It is with heavy heart that write of the passing of my friend Mark Rubinstein, who slipped away from us early this morning in a hospital in Ohio. Many of you from San Antonio knew Mark for his formidable musicianship, playing jazz piano with Small World, or accordion with the Sabas trio, or drums in the Rejects, his first band, a seminal Texas punk outfit. The Rejects single sells for serious money, if you can find it—it is so sought-after. Mark produced many recordings for all kinds of musicians. And I am quite sure that each one of them feels like I do today.
Mark’s musical skills were so much more than formidable—there is a word I’m searching for, something akin to genius or other-worldly or magical. I play regularly with Joe Reyes, who bowls me over constantly with his musical skill. But even Joe makes mistakes on occasion. I never once saw Mark make a mistake--on drums, on guitar, on piano. His ears were like nothing else. I witnessed it many times in the recording studio: Mark could hear things invisible to me. I suppose it’s somewhat like how a dog has a widely different experience of the world, an expansive bandwith of perception that we can sense and guess at, but not experience firsthand. Mark could see music in color bars, and recognize a granular detail of rhythm and pitch that is closed to most of the rest of us.

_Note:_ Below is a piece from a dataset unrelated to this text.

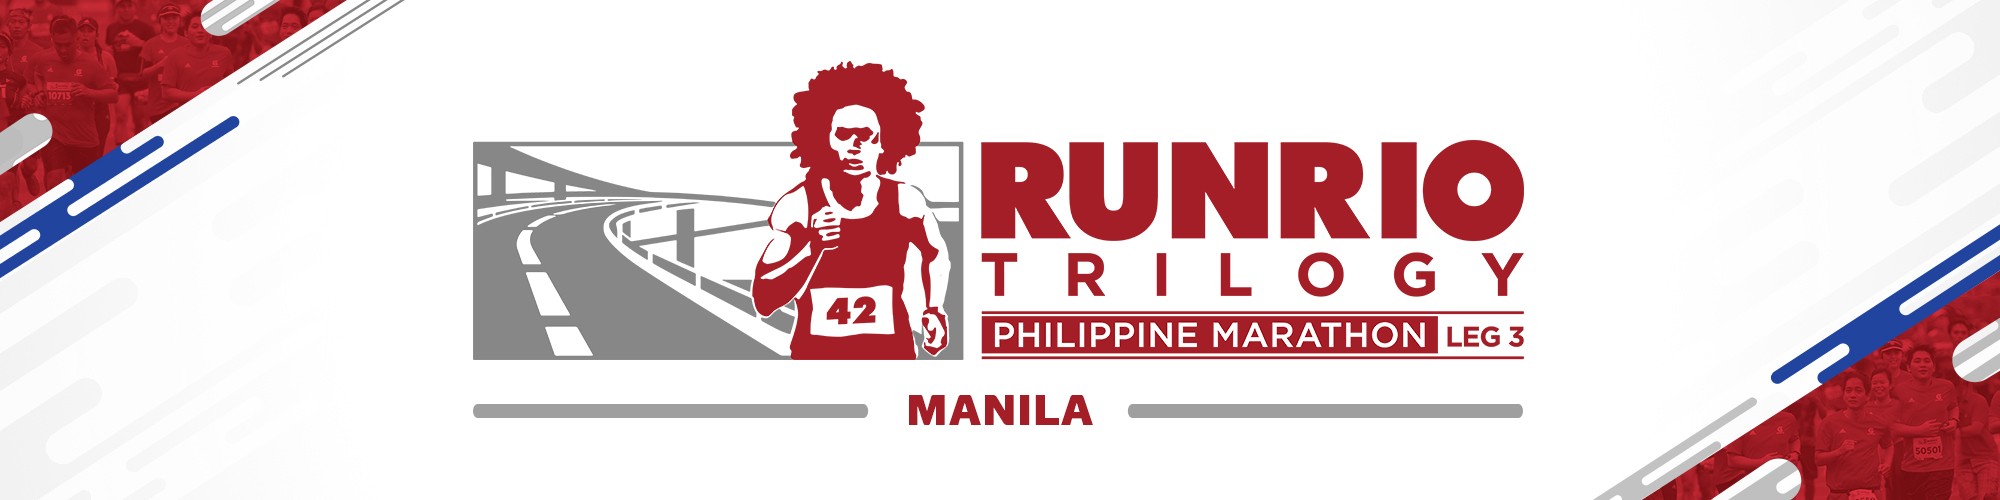 RUNRIO Trilogy Manila Leg 3

Mark produced Buttercup’s first two records Sick Yellow Flower and Hot Love. And years before that he produced my band Evergreen's album, Low Down Son. I count myself so very lucky to have spent many hours toiling with him in semi-airconditioned rooms trying to eke out something emotional and beautiful. Mark’s musicality and perfectionism helped take my sometimes strange song ideas into a place where they could be listened to repeatedly. I owe him so very much.
Mark was so damn funny. You can hear me laughing on our song “Hot Love” as I blow the vocal entrance after the bridge. After trying to sing the part so many times—at least a dozen—Mark just patiently rewound one more time. I asked him, Is it getting better? Getting closer? He said “not better, not closer, maybe different.” In a way that was so honest, exposing the ridiculousness of my floundering. But yet, so gentle. Mark was a big guy, and his face when expressionless could look very intimidating—he had a heavy brow and big goatee. However, he was never unkind, never impatient. He was pure kindness. He was constantly laughing. He was a true friend.

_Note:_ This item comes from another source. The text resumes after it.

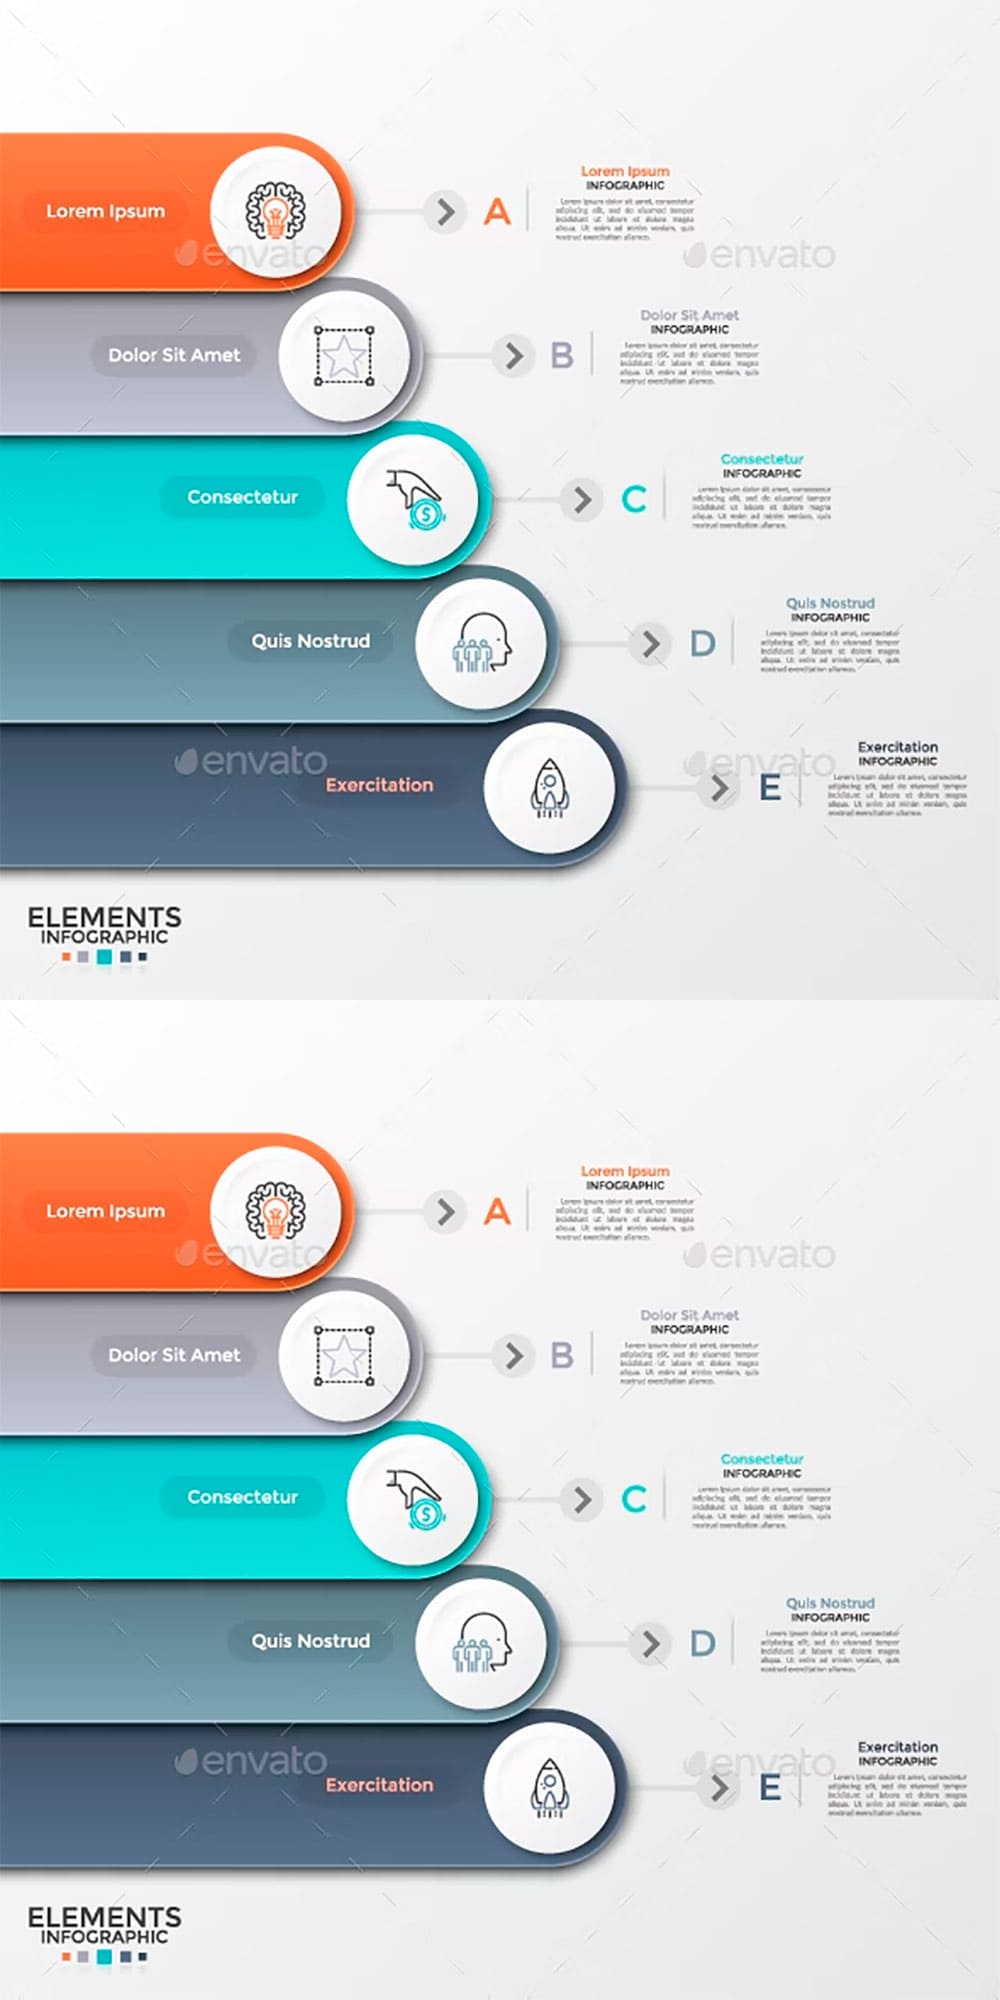 modern infographic design

Mark didn’t graduate from high school—he got a GED instead. I think he was so smart that school just bored him. But somehow he taught as a professor of recording at UTSA and later ran the music recording program at Ohio State. He worked with Celine Dion and Luther Vandross. Mikhail Gorbechev sat in his lap once, while Mark was dressed in a Santa outfit. Mark said some kind things about my songwriting early on, for which I am deeply indebted. I go back to Mark’s words when I’m feeling particularily insecure, which lately is often.
I’m crying through this eulogizing of Mark. I guess I’m going to continue to cry as I type. It feels so heavy that this world, which needs gentleness and kindness so very badly—a world that is desperate for someone who can truly listen—has lost this bright, gentle light. We’ve lost his quiet genius. Oh Mark, this is unfair.
Mark struggled with an auto-immune disorder for many years. The past two days his sisters have been with him and Saleta Gomez (who was Mark's best friend). I'm glad they could be there to spend time with him and comfort him. Lately it had been very difficult for him. I suppose he has found peace, now. Later I’ll go back and listen to Hot Love, but right now I just cant. I doubt you can hear me now, but I love you, Mark.